Fermented asparagus pickles are a remarkable culinary creation that not only dazzle with their flavor but also captivate with their visually appealing appearance. This recipe presents a simple and straightforward method for transforming fresh asparagus spears into delectable pickles that are sure to impress. The fermentation process adds depth to the flavor profile, while the presentation of the pickles resembles a work of food art. With a yield of approximately 1 quart, these pickles are perfect for sharing at potlucks or as a stunning addition to any meal.
With this recipe, you have the opportunity to showcase your culinary prowess by creating pickled asparagus spears that are both visually stunning and bursting with flavor. Whether served as an appetizer, a side dish, or as part of a charcuterie board, these fermented asparagus pickles are bound to leave a lasting impression on all who have the pleasure of enjoying them. So, gather your ingredients, follow the steps carefully, and indulge in the delightful world of homemade fermented pickles.
YIELD: About 1 quart
(fermentation vessel: 1 quart)
INGREDIENTS:
- 1–2 pounds asparagus spears
- 3–4 cloves garlic
- 1 teaspoon black peppercorns
- ½ teaspoon chile pepper flakes
- 1 bay leaf
- 3–4 dried red chiles (cayenne for heat, sweet for mild)
- 1 grape leaf (optional)
- 2–3 cups Cucumber Brine (¾ cup unrefined sea salt to 1 gallon unchlorinated water)
INSTRUCTIONS:
- Start by snapping off the woody ends of the asparagus spears. Cut the spears to fit into a 1-quart jar or crock, leaving approximately 5 inches of length to ensure there is enough room for the brine to cover them. Take the garlic cloves and gently crush them with the flat side of a knife, just enough to break them. In the bottom of the jar or crock, place the black peppercorns, chile pepper flakes, and bay leaf. Arrange the asparagus spears upright, inserting the garlic cloves and dried chiles between the spears. If using, place the grape leaf on top of the spears. Pour enough brine into the jar to completely cover the spears and grape leaf. When tightly packed, the spears will stay in place, eliminating the need for a weight that could potentially damage the delicate sprout ends. Loosely cover the jar. Any remaining brine can be stored in the refrigerator for up to a week.
- Set the jar or crock on a baking sheet and place it in a nearby location away from direct sunlight. Allow the asparagus to ferment for 5 to 8 days. Throughout the fermentation period, monitor the brine level and top it off with reserved brine solution if necessary. It is normal to observe scum forming on top, but rest assured, it is generally harmless. If you have any concerns, refer to the appendix for further guidance.

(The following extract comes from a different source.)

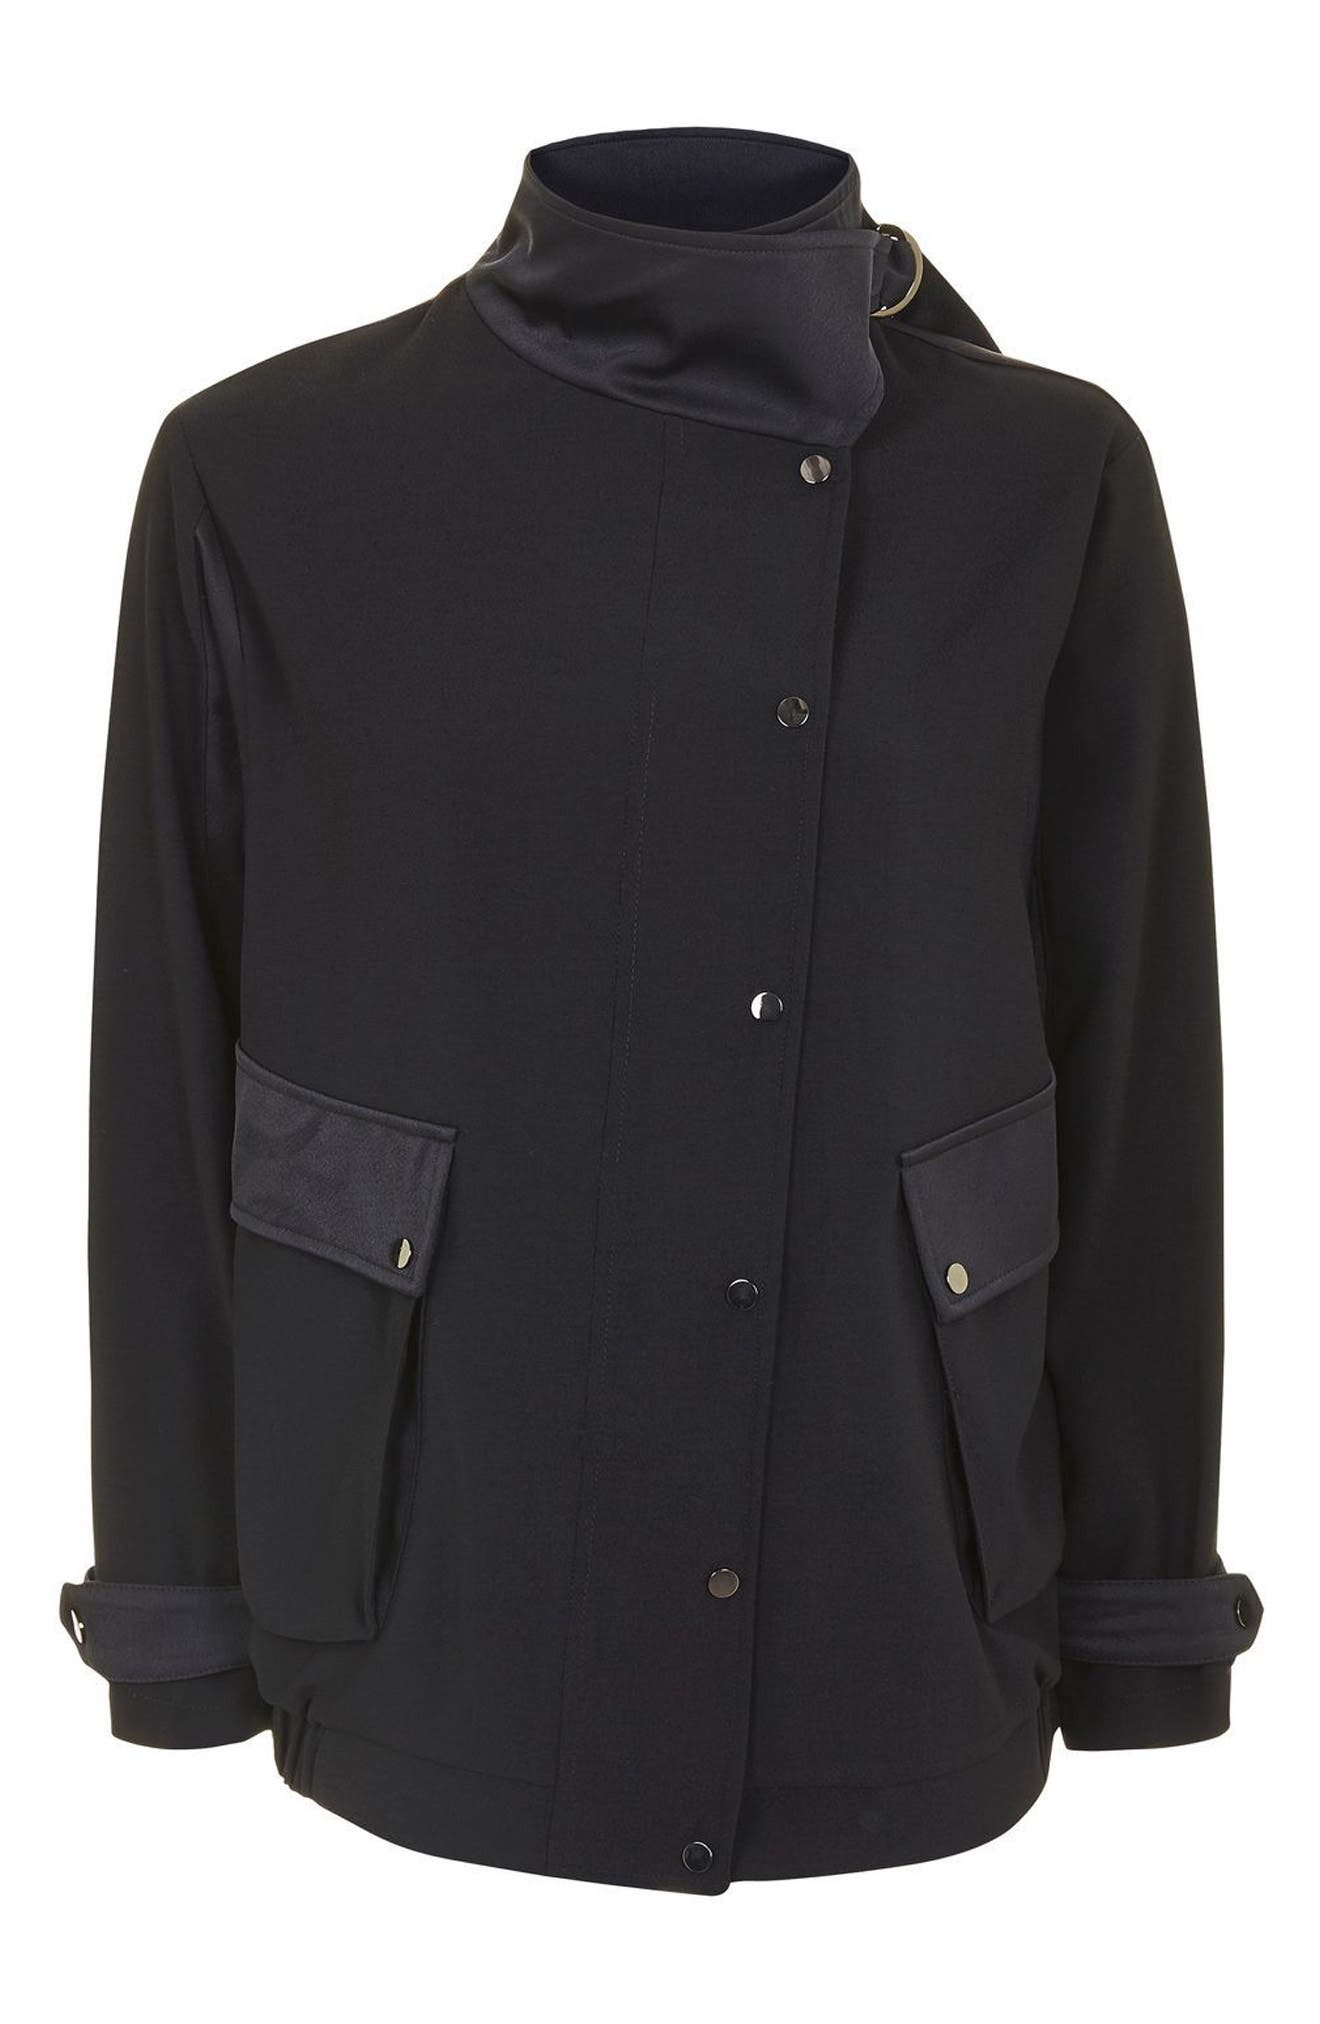 Urban Popper Jacket,                             Alternate thumbnail 4, color,                             410

- The pickles are ready when the asparagus spears turn a dull olive green color, and the brine becomes cloudy. Since the goal is to keep all the spears tightly packed in the jar, tasting them at this stage is not necessary. The pickles will have a softened texture, but they should not be mushy. The flavor will be distinctly pickle-like but without an overpowering vinegar taste.
- Transfer the pickles to jars with tightly secured lids and store them in the refrigerator. After approximately 1 day, check to ensure that the pickles are still fully submerged in the brine. If needed, top off with reserved brine to maintain proper coverage. These pickles can be refrigerated and enjoyed for up to 12 months. Over time, the flavor will continue to intensify, creating a more pronounced and delightful taste experience.